Pure Slush, Lifespan Vol 7, May 2023
I sit outside at the coffee shop most afternoons. Especially when it’s sunny. Cold, grey days I stay home. I have my usual seat facing the tiny park across the street. Vanilla latte, piled-high sandwich, laptop. I stay as long as like. Nobody will ask me to leave. I’m a regular.
Occasionally I take a break from writing. I admire a rusted fence, a ginkgo tree with bright yellow Autumn leaves, remarkably blue sky. Four flags on tall poles wave in the breeze. I recognize only one. I become aware of background music that’s been playing, unnoticed, the entire time. Right now, it’s “The House of the Rising Sun.”
An older woman sits in the back by the corner at a table in the shade. She wears a beige puffy coat, Nordic hat perched high on her head, irrespective of the weather. No drink in front of her. A few bags of belongings by her side. She, too, is a regular. At around noon a young woman will appear with a take-out container. She’ll say, Here’s lunch, Hazel and the old lady will say, Aww, you didn’t have to do that. The young one will say Take care of yourself, Hazel. See you tomorrow. So, she’s not the old lady who sits in the corner. She’s Hazel.

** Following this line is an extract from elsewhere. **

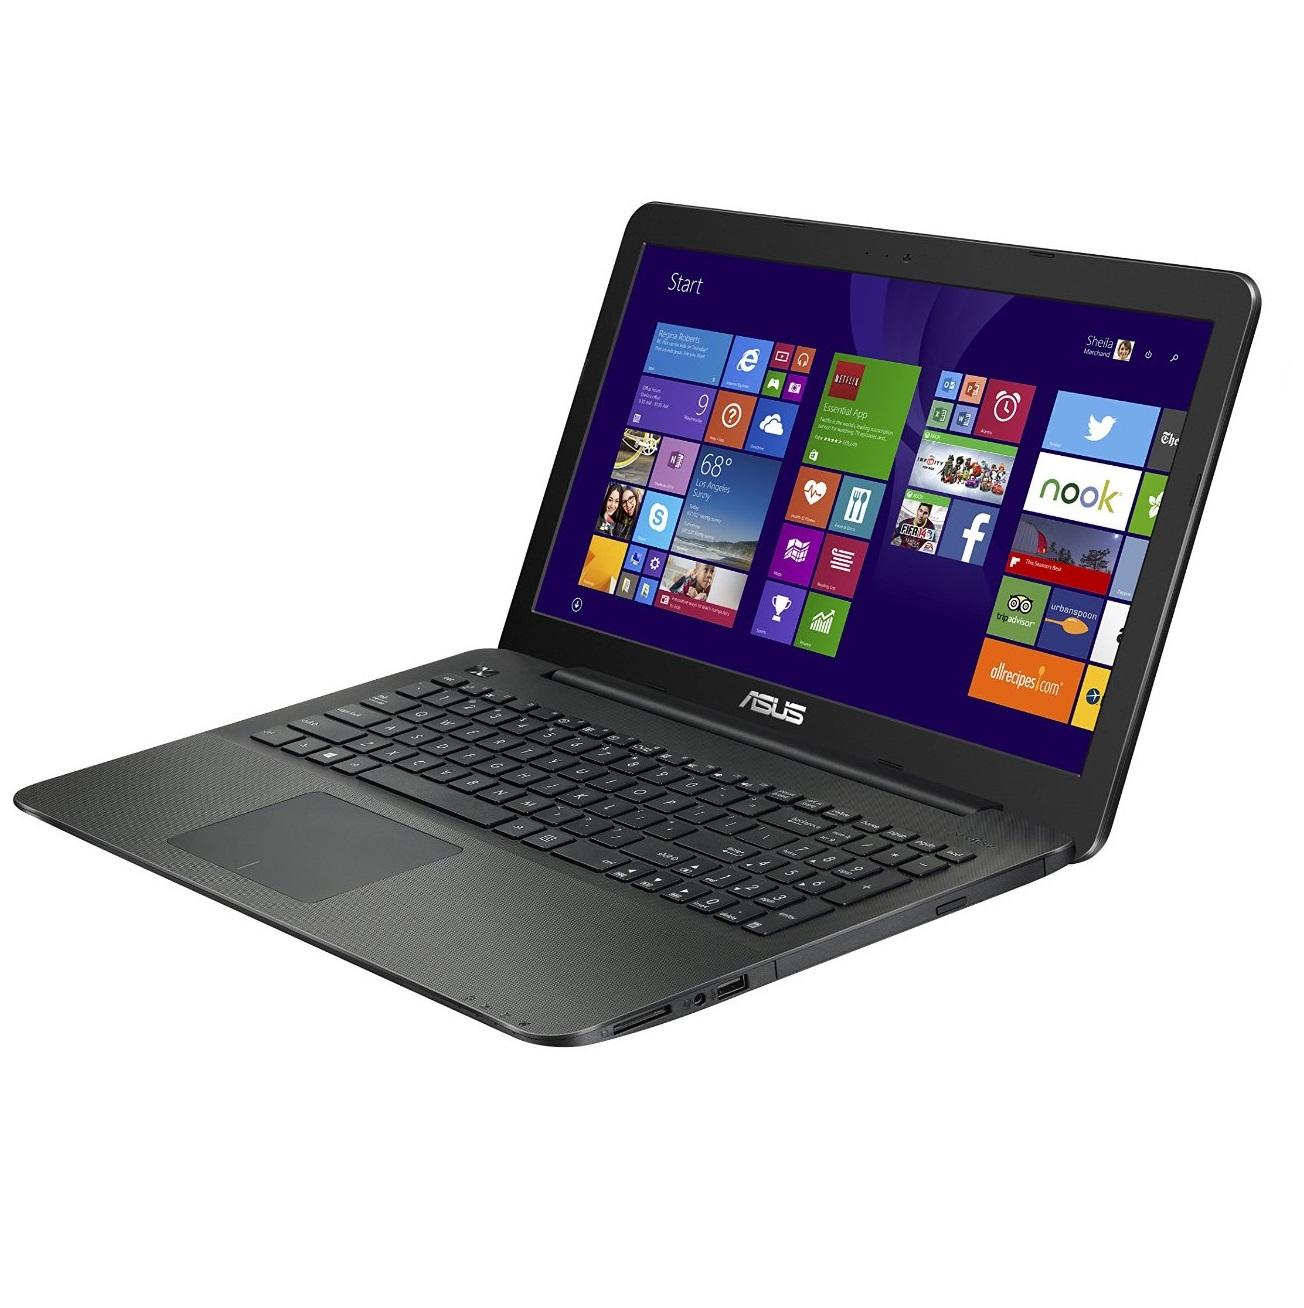 Laptop Asus X554LA-XX1077D core i3 5010U 4GB/500GB/15.6
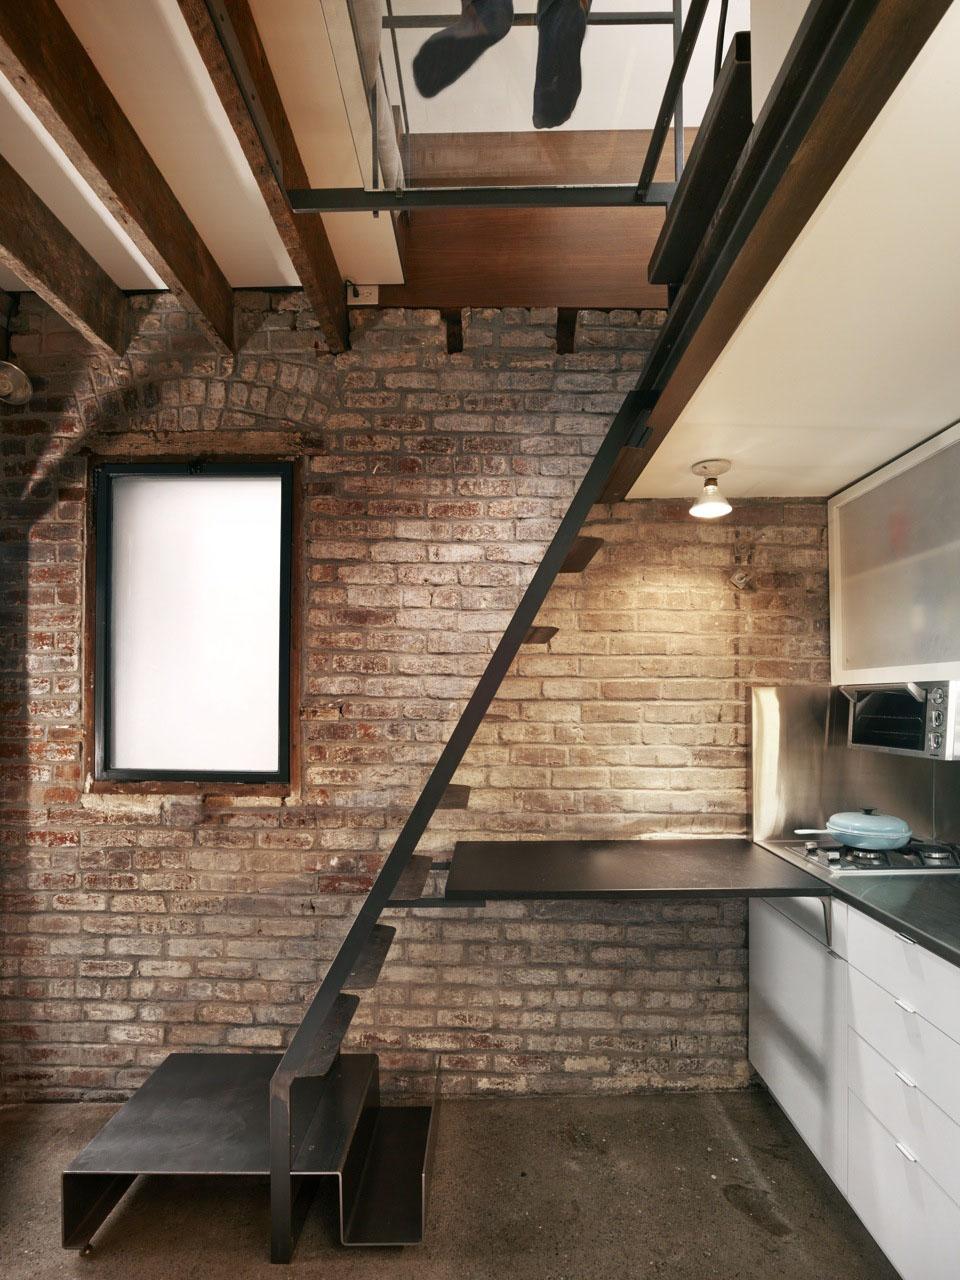 160 Square Foot Micro Apartment In A Tiny Brick House Idesignarch Interior Design

I look to the park across the street. I recognize other people there. There’s usually a thin man wearing a fluorescent-blue baseball jacket. Another man carries a blanket he stops to fold and refold, as if preparing to sit. He doesn’t sit. A woman in an oversized red-fleece jacket, matching red-and-black checked pajamas pushes her grocery cart.
Three police cars arrive. Alarming. I hadn’t noticed that today the man in the baseball jacket was sitting on the far side of the park surrounded by a veritable sea of white plastic grocery bags. The officers approach him, have a brief, calm conversation. They secure his arms behind his back at the wrist with zip-ties. Walk him to an idling car, one hand on a shoulder, another over his head, guiding him into the back seat. What also had escaped my notice is that today, under his jacket, he is wearing a hospital gown.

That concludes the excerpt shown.